A Woman to Know: Pauline Hopkins
Fiction is of great value to any people ... it is a record of growth from generation to generation.— Pauline
(From the intro page of Pauline Hopkin's Contending Forces, 1900)
Pauline wrote these great (and successful) novels — beautiful ruminations on love and life, packed with stellar characters and gripping plot twists. She dabbled in multiple genres: mystery and romance and bildungsroman. She authored a musical play about the Underground Railroad (and it was a hit!). She was renowned for her ability to write across all genres, in all styles – but her novels were more than just beach reads. She wrote them as a vehicle for the themes nearest to her conscience: this, she writes, is what life is like in a changing America, one that struggles with race, class and basic decency. In many ways, her works are timeless.

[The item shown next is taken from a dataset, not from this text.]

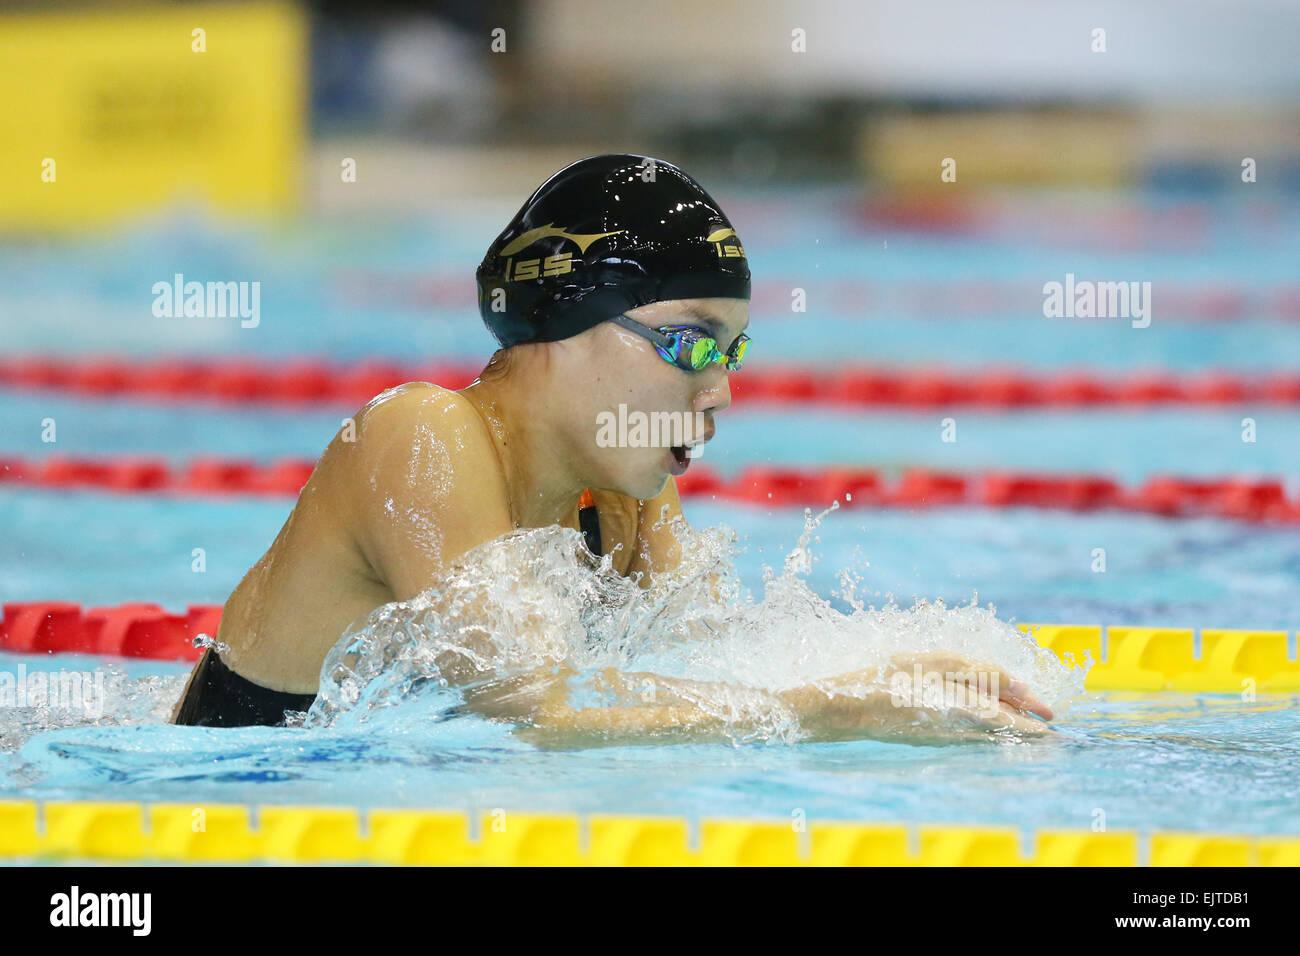 tatsumi international swimming pool tokyo japan 30th mar 2015 rika omoto march 30 2015 swimming the 37th joc junior olympic cup womens 200m - Olympic Swimming Pool 2015

Her most famous work, Contending Forces, is a mystery story set on two Northern plantations. Within the plot she explores contemporary gender politics, passing privilege and racial tension in the post-Civil War North. "I have tried to tell an impartial story," she wrote in the preface. "I will leave it to the reader to draw conclusions."
Add to your reading list:
The Magazine Novels (Pauline Hopkins)
Of One Blood, or the Hidden Self (Pauline Hopkins)
Voices from the Gaps (Carol Miller)
Read more:
Pauline E. Hopkins (Black History Now)
Contending Forces (Internet Archive)
Pauline Hopkins (Perspectives in American Literature)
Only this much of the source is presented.